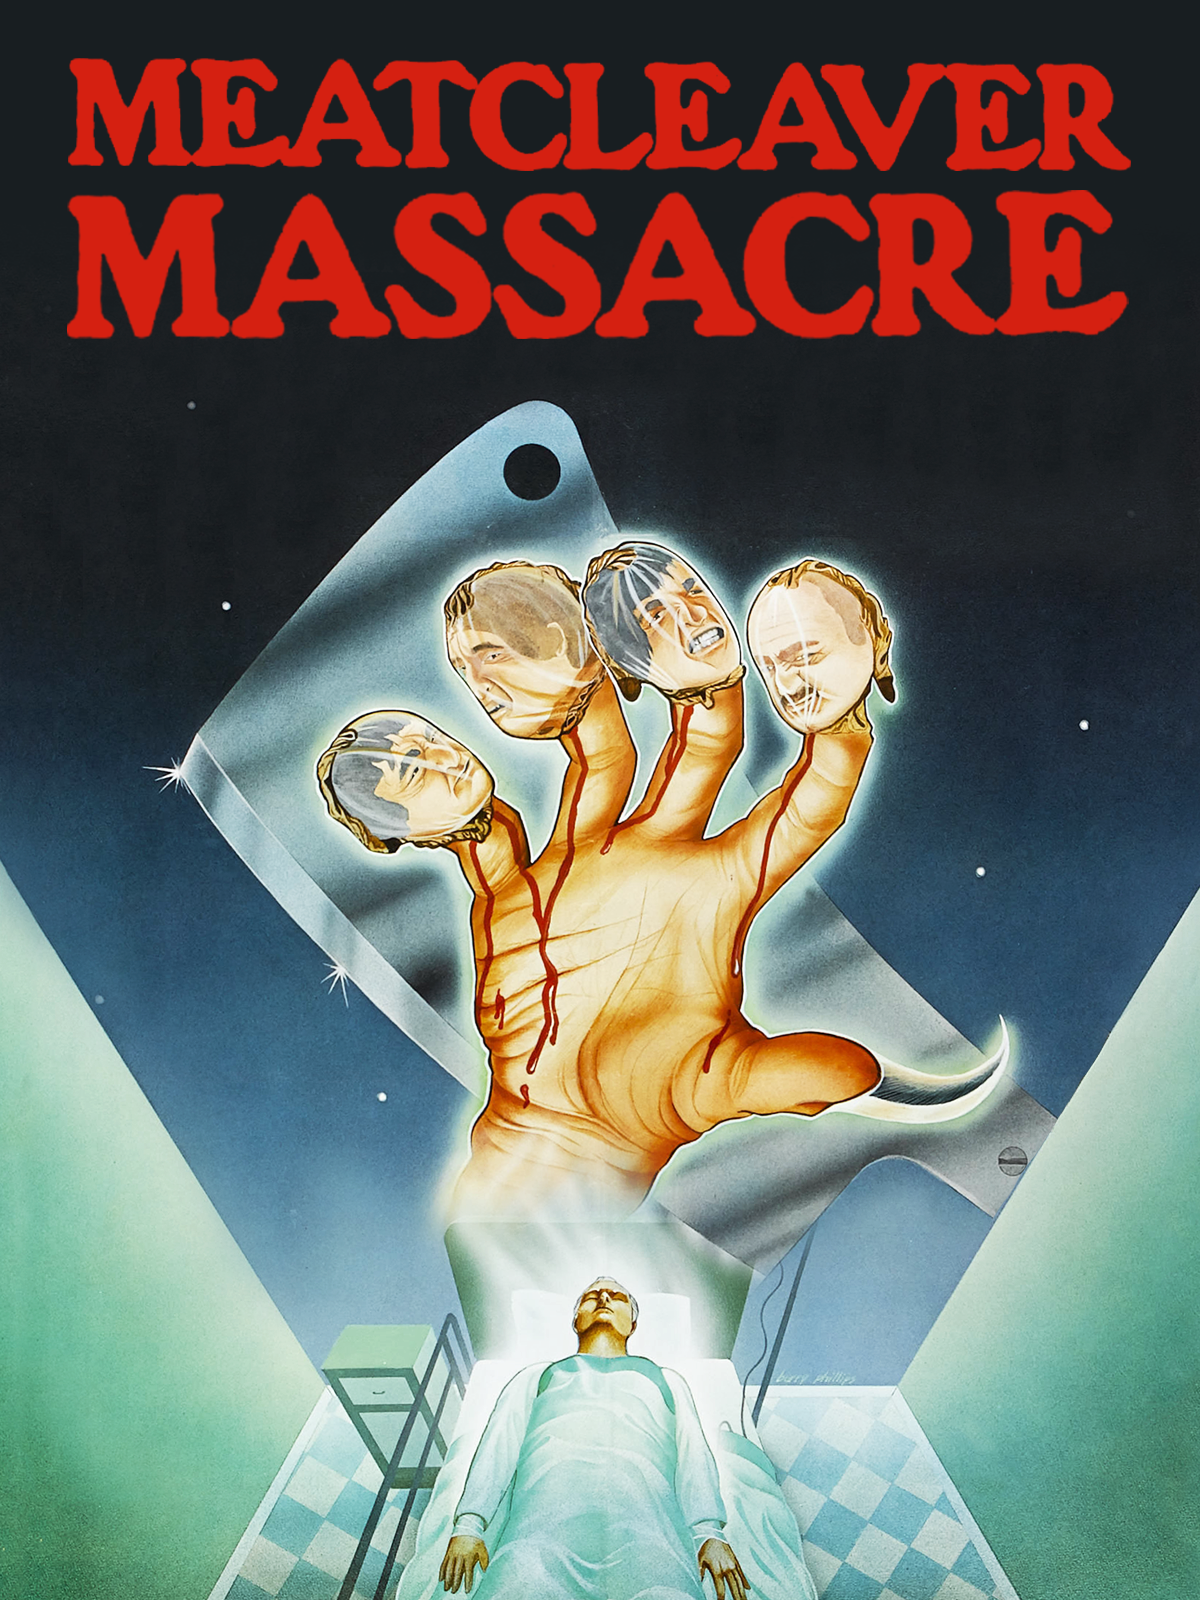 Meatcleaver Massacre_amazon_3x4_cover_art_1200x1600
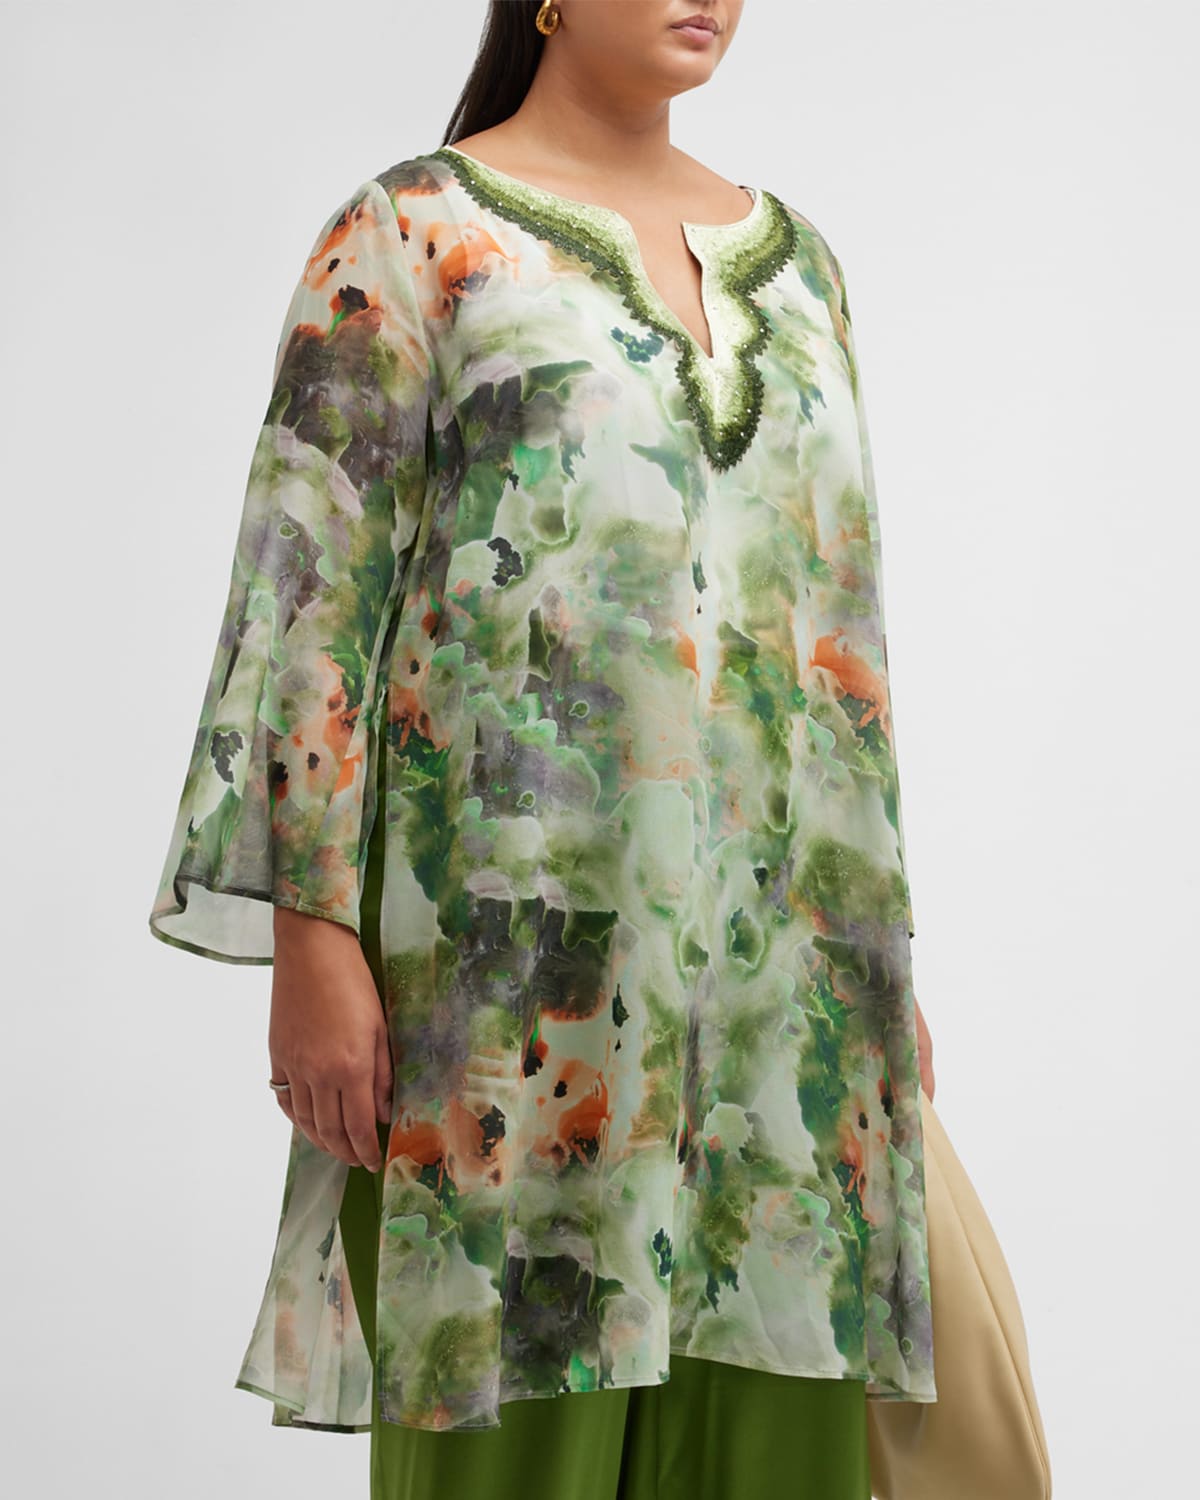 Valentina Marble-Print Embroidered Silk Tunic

********************

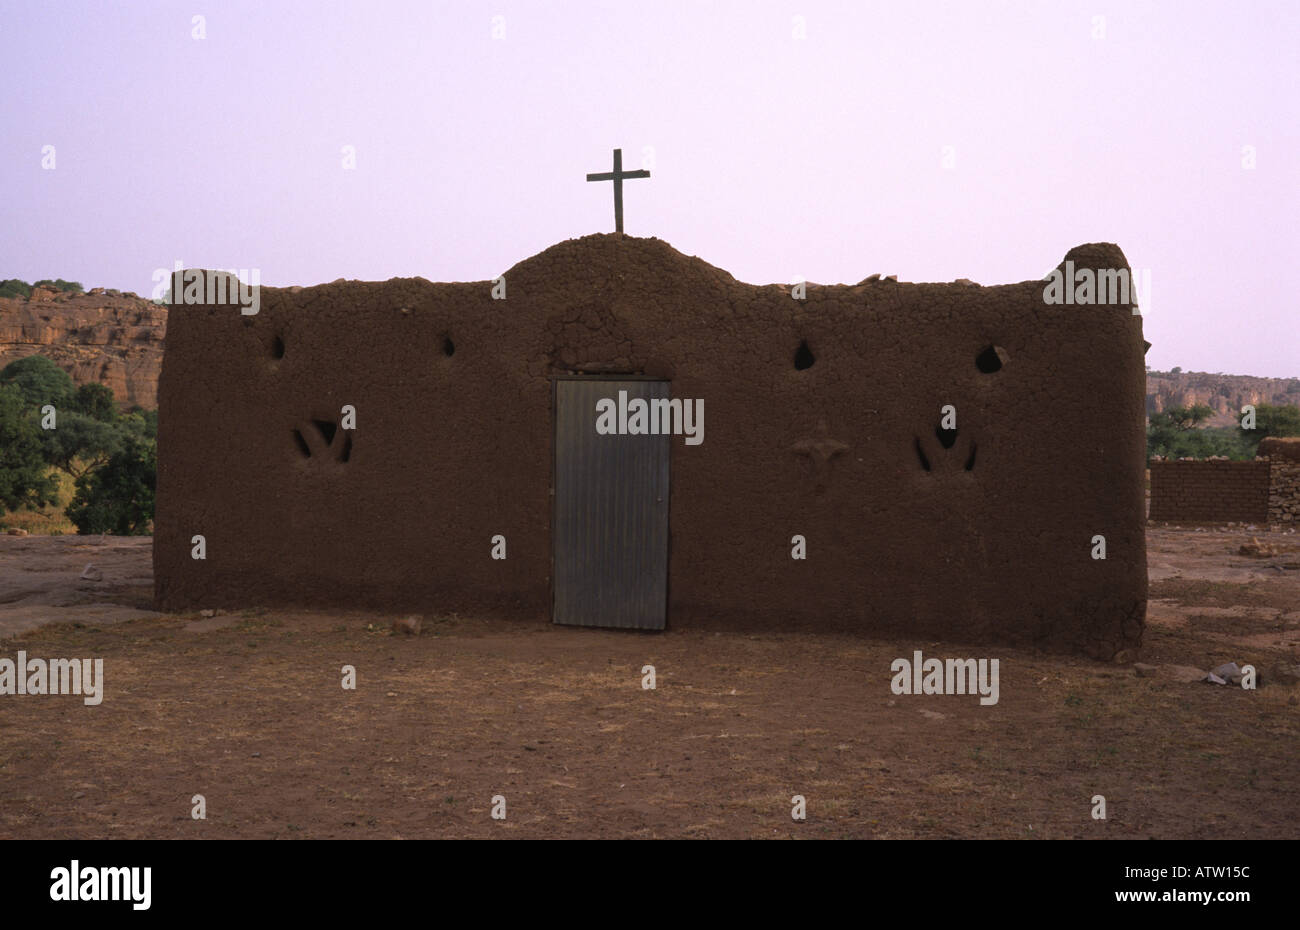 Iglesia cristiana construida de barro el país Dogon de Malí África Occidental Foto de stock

********************

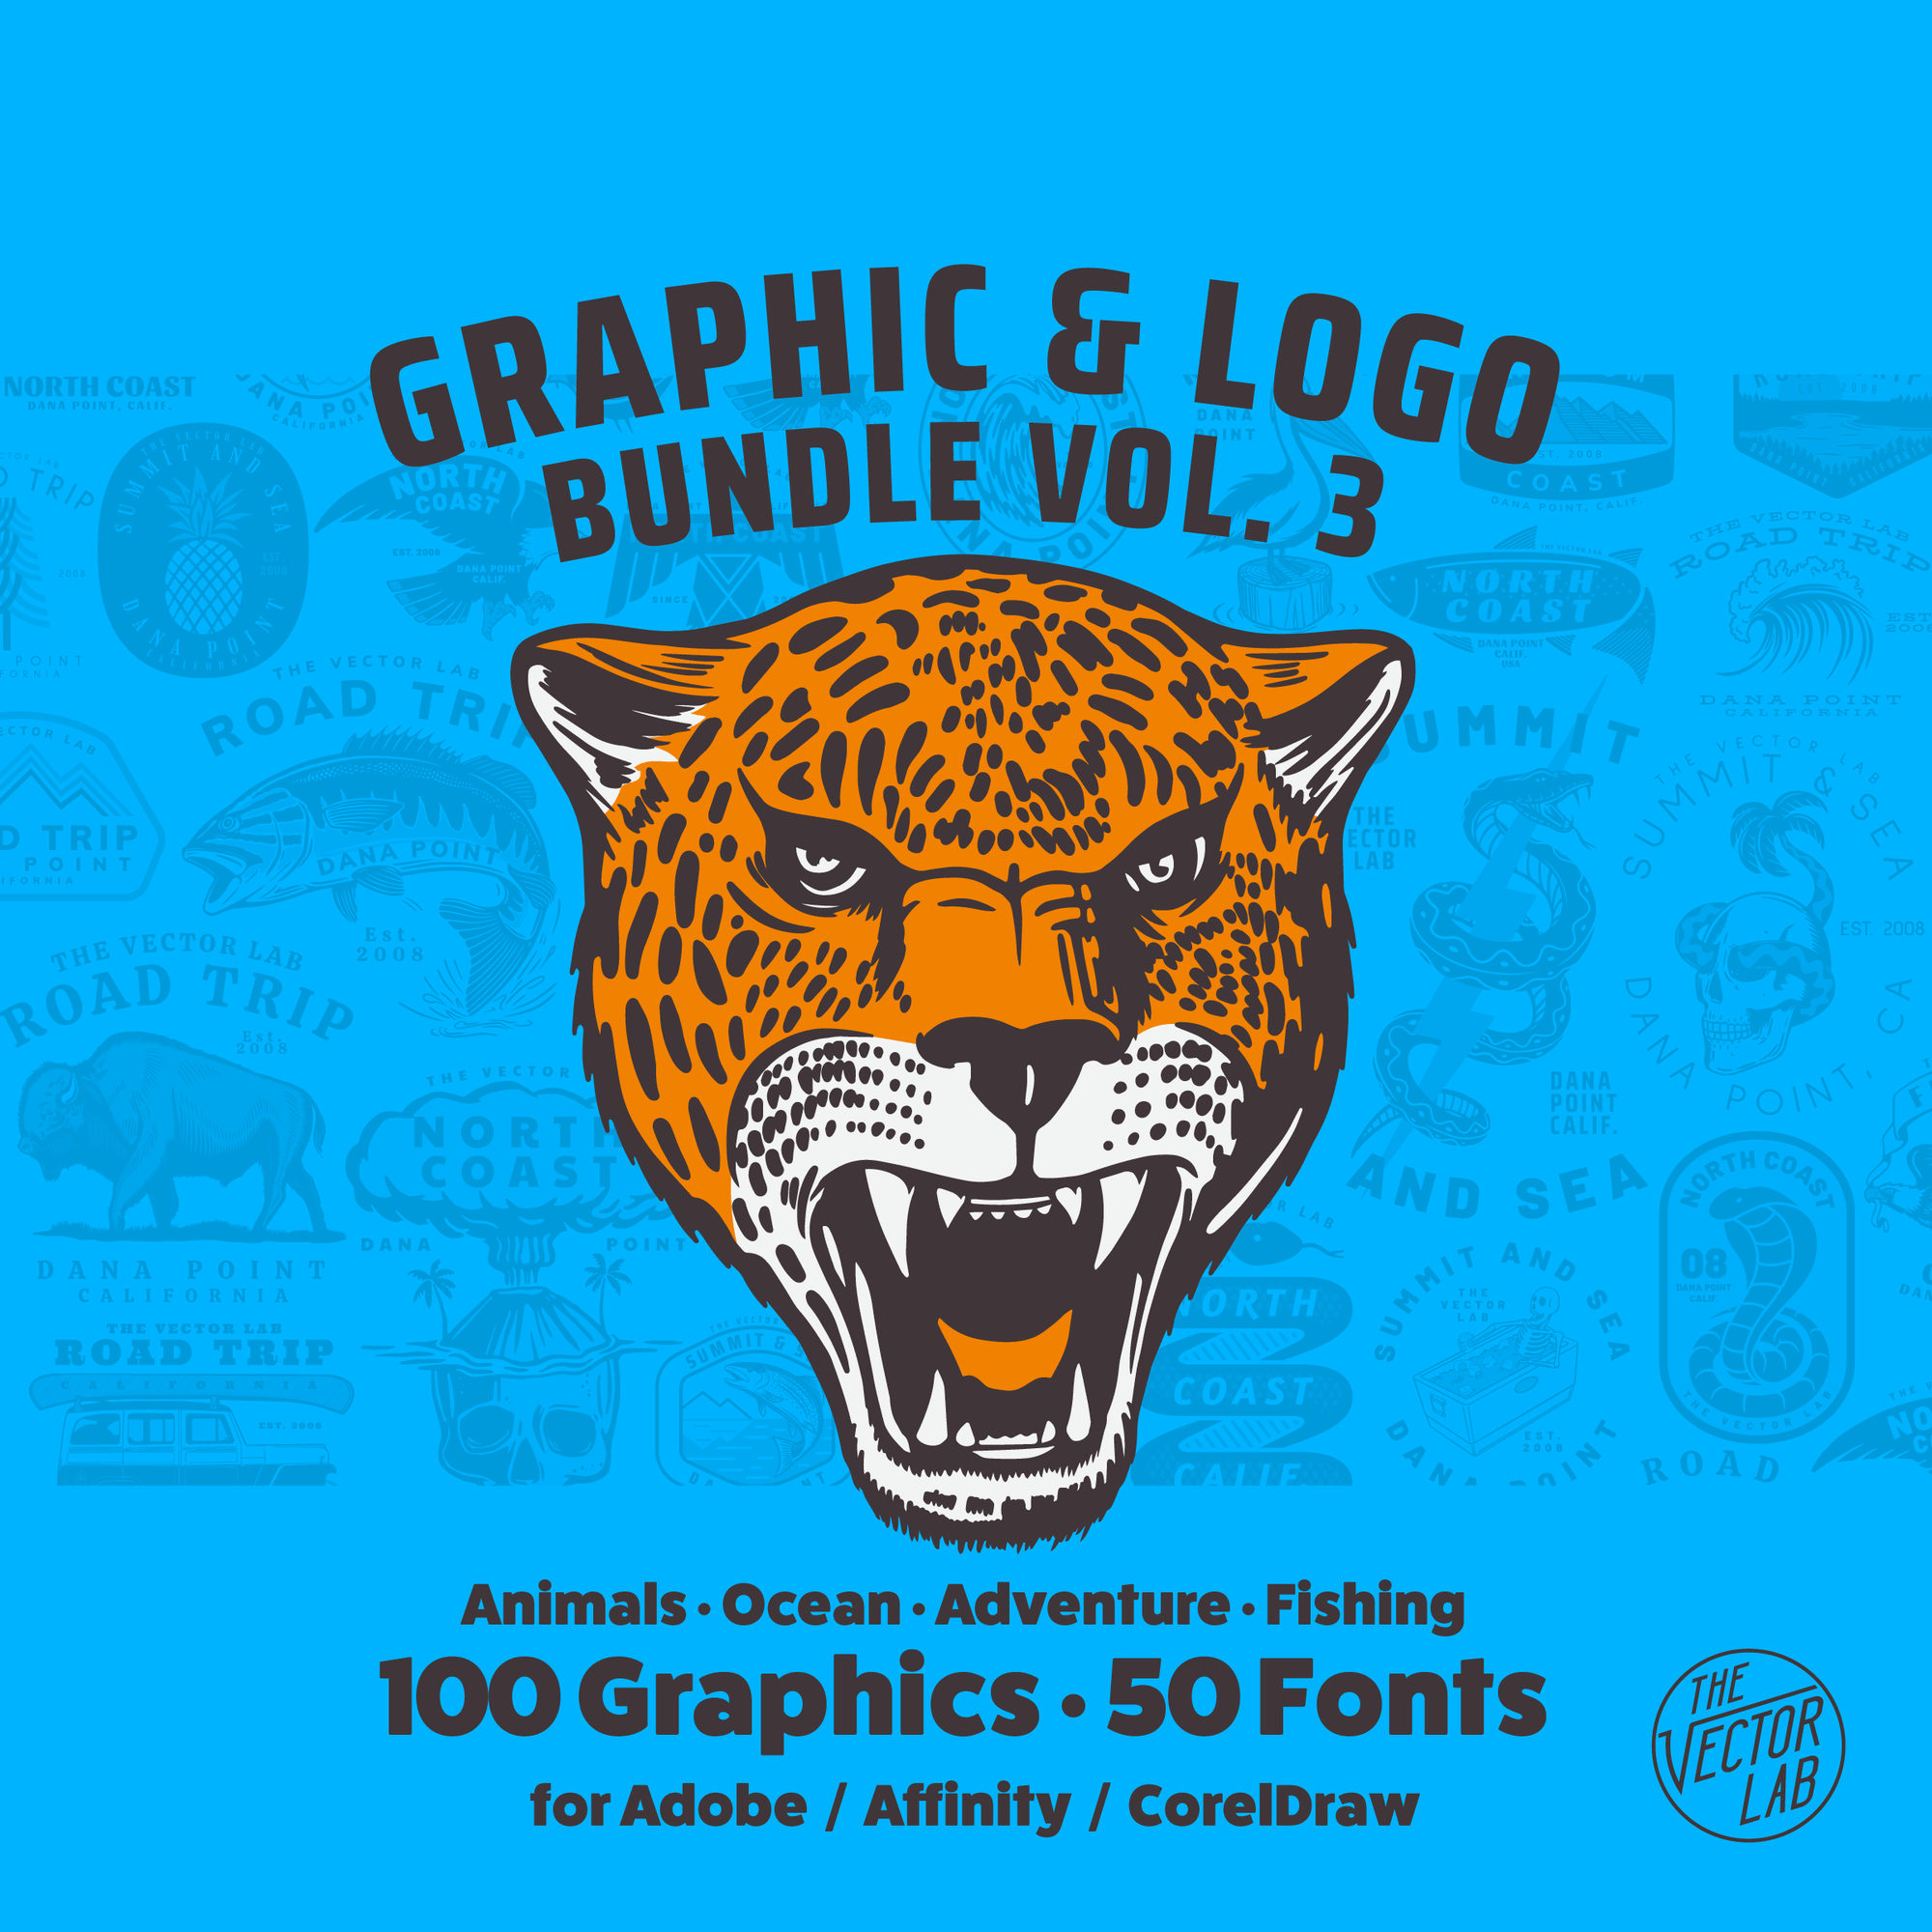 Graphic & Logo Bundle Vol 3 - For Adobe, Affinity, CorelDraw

********************

What is being asked — Go to the line above holding "Meatcleaver Massacre_amazon_3x4_cover_art_1200x1600", then copy exactly each line down to and including the one holding "Valentina Marble-Print Embroidered", leaving pictures out.

Response box —
 Meatcleaver Massacre_amazon_3x4_cover_art_1200x1600
 Valentina Marble-Print Embroidered Silk Tunic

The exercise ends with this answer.